WHAT THE TASK REQUIRES: All pictures are to be omitted while the lines starting at the line with "5% OFF Regal" and ending at the line with "Surprise moonrise cameo." in the material below are retyped exactly, both ends included.

SOURCE INFORMATION:
------------------------------------

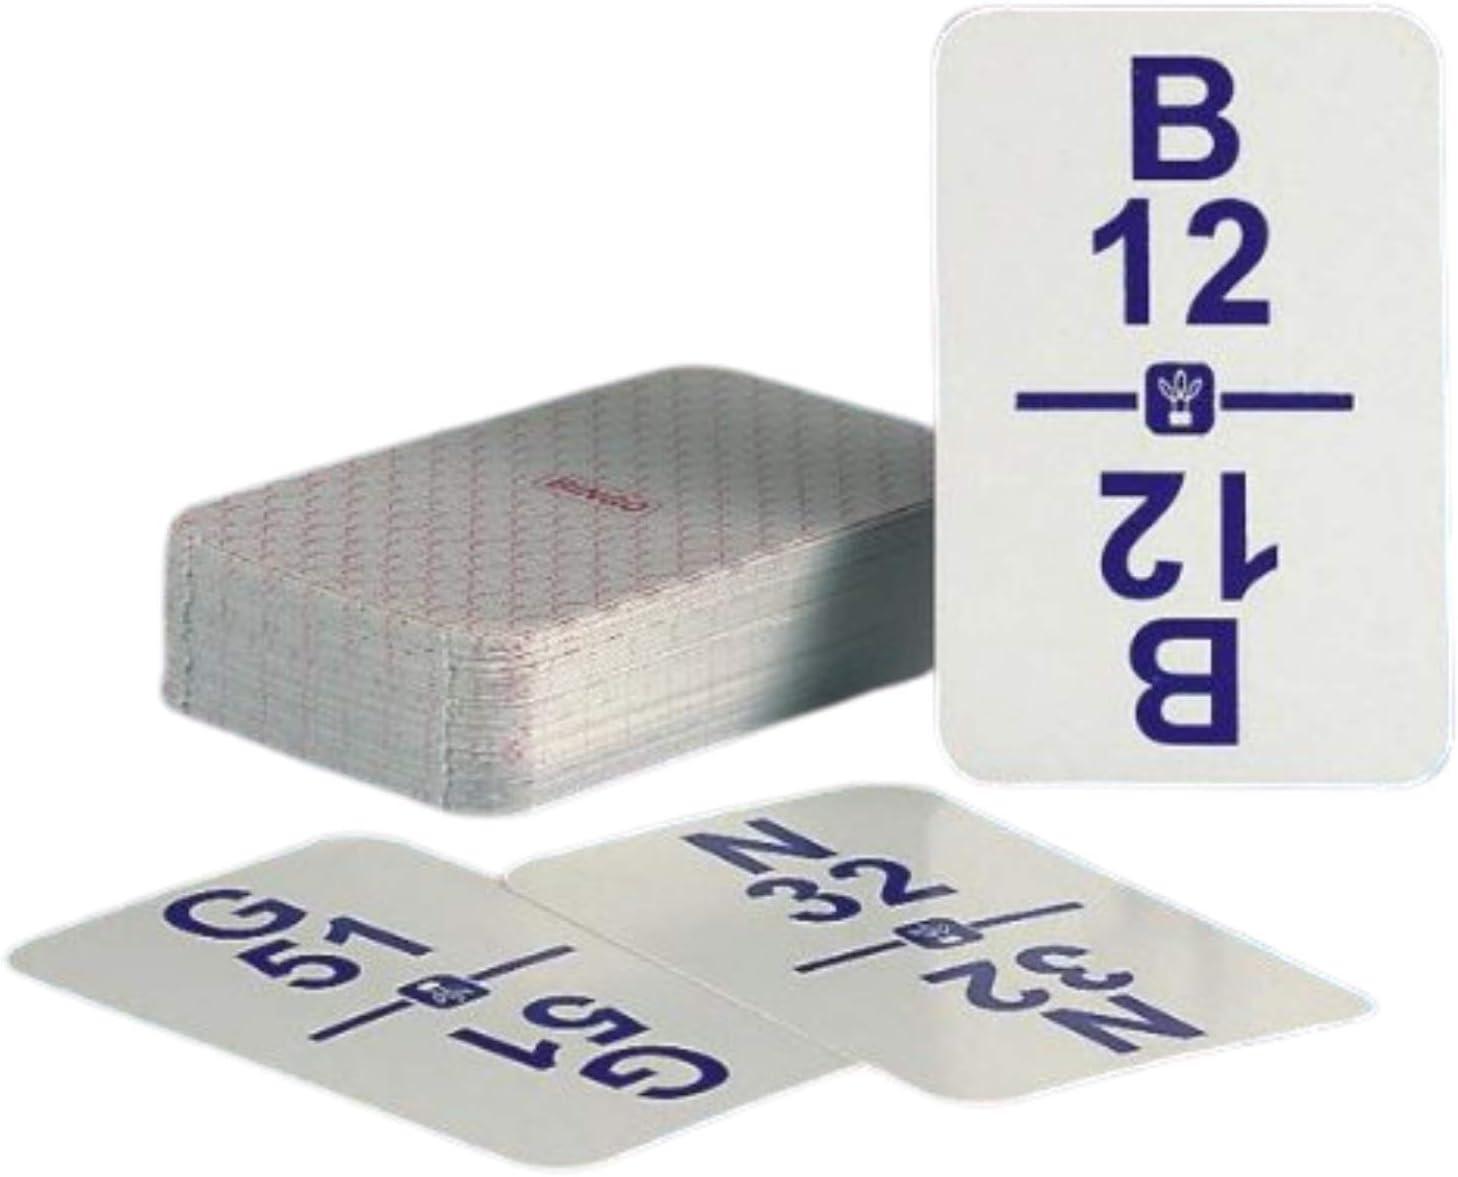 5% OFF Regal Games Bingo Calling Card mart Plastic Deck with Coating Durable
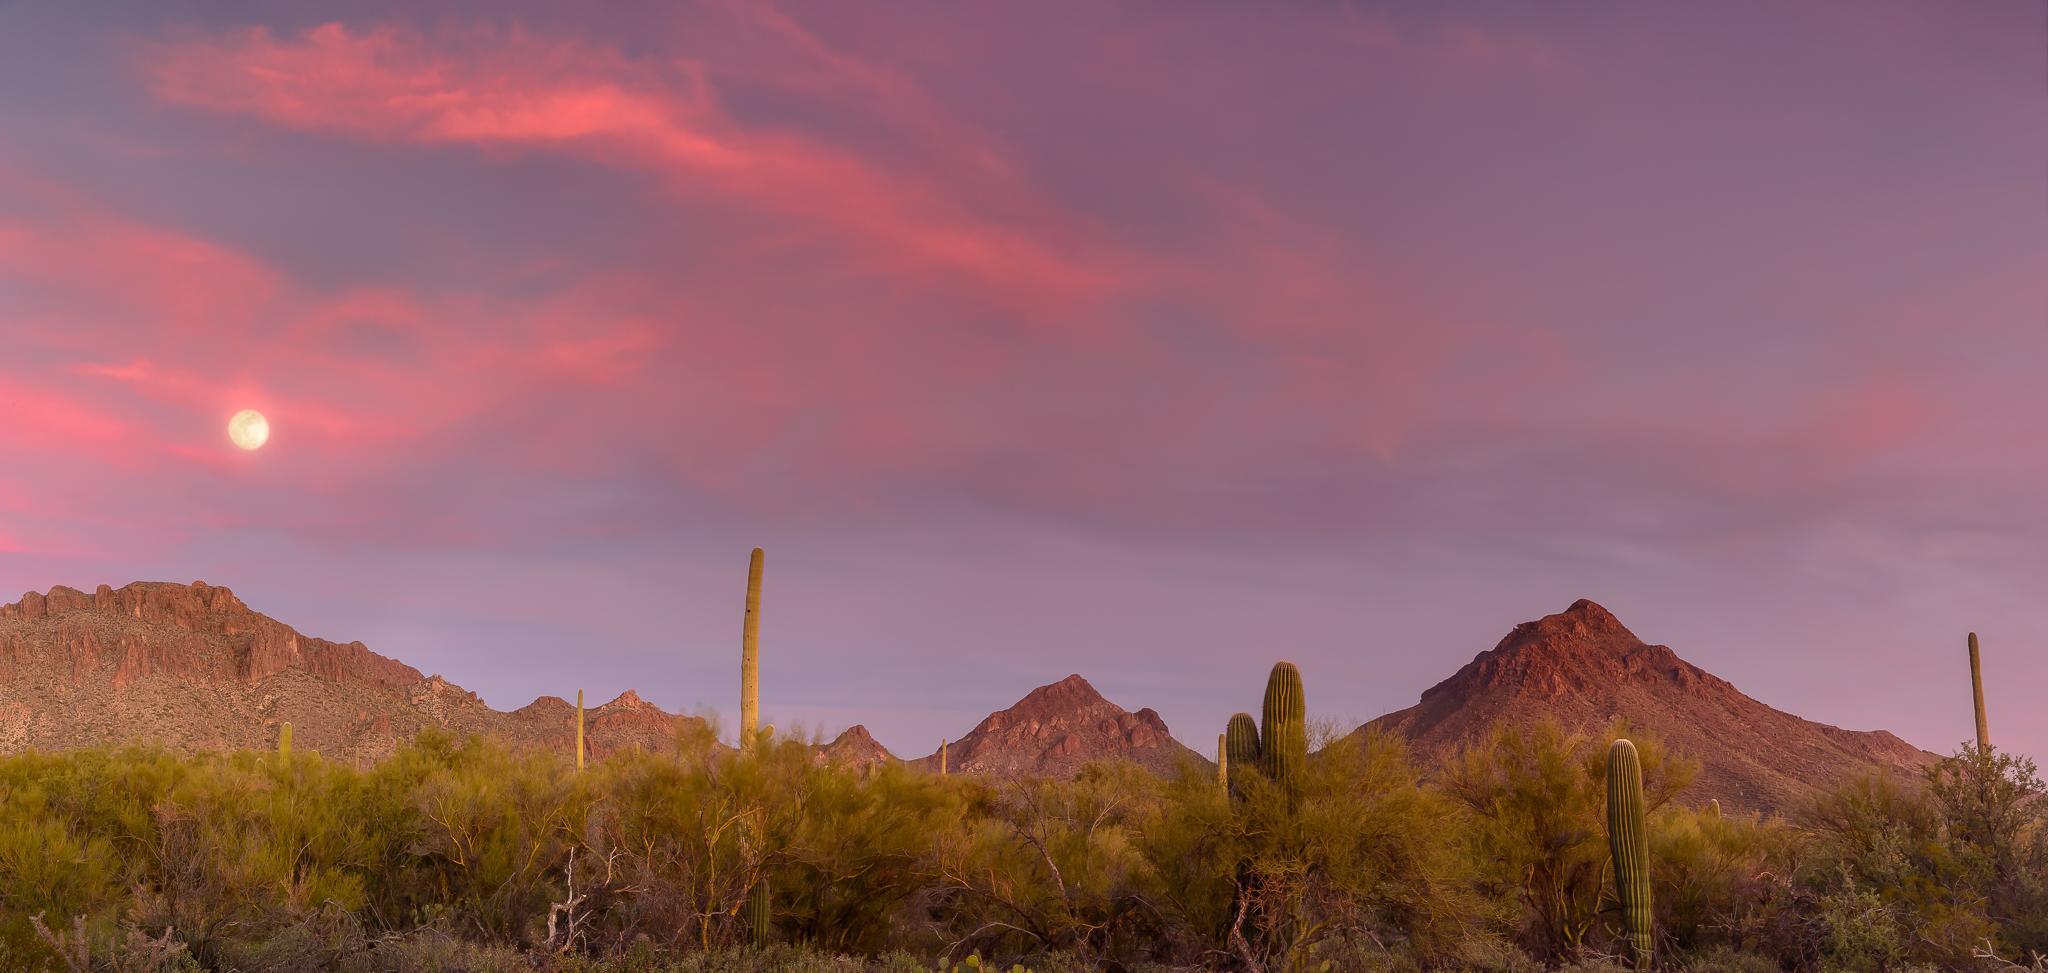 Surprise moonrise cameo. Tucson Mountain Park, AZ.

------------------------------------

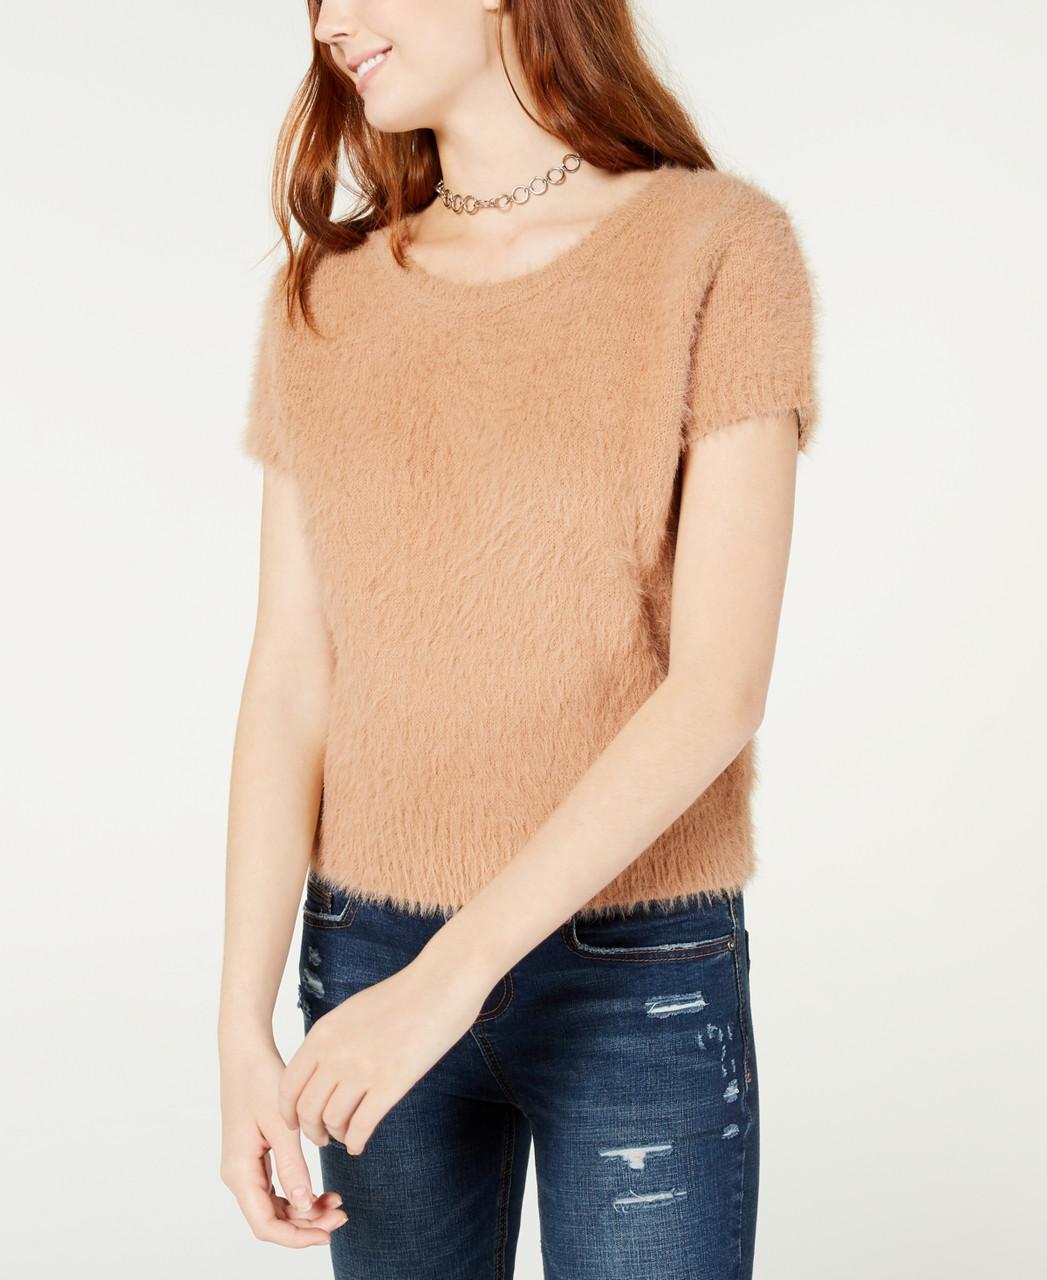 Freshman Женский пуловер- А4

------------------------------------

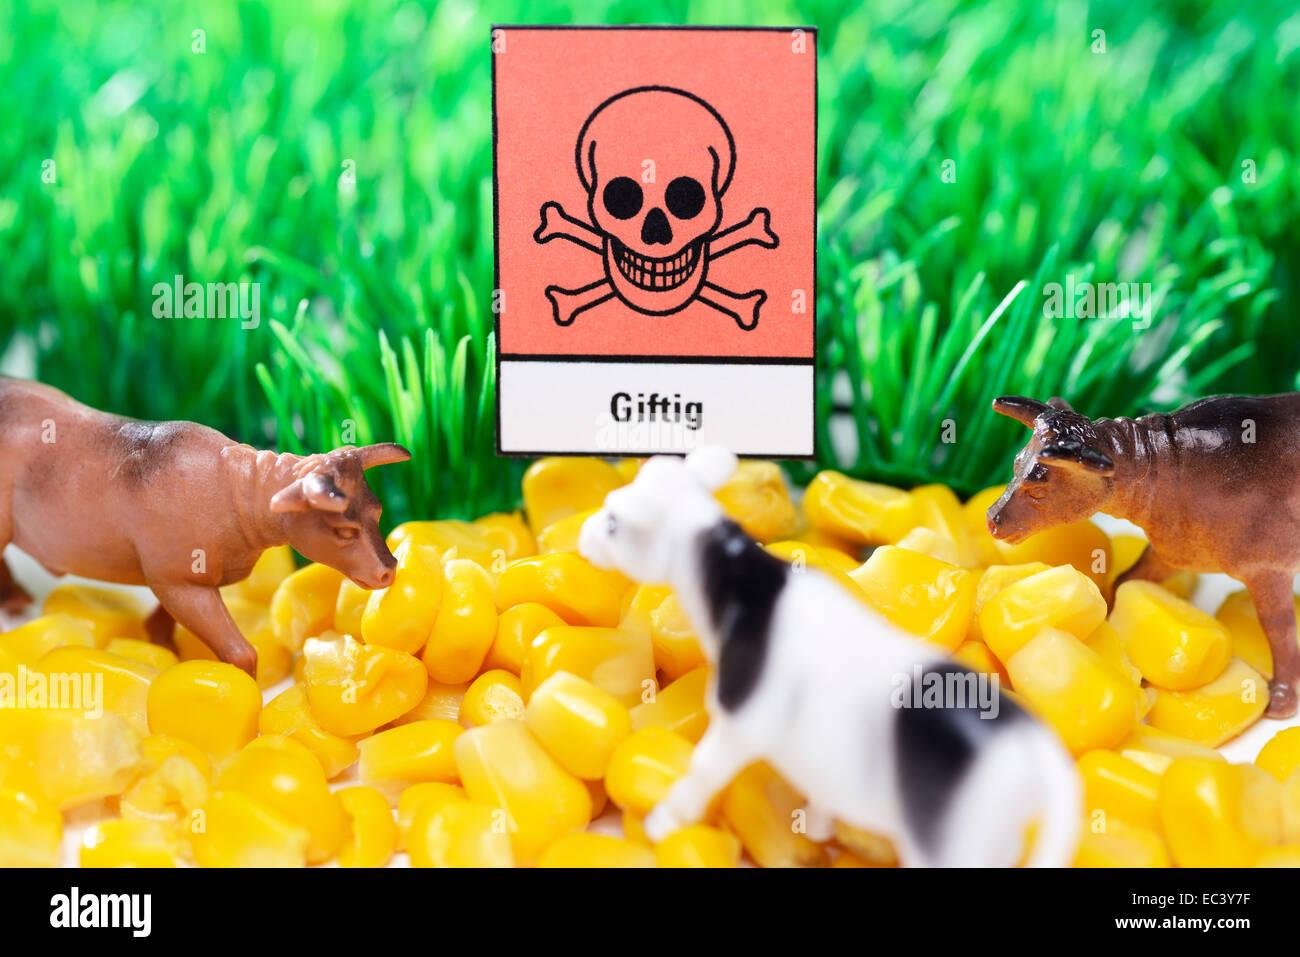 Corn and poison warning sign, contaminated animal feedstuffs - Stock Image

------------------------------------

TASK RESPONSE:
 5% OFF Regal Games Bingo Calling Card mart Plastic Deck with Coating Durable
 Surprise moonrise cameo. Tucson Mountain Park, AZ.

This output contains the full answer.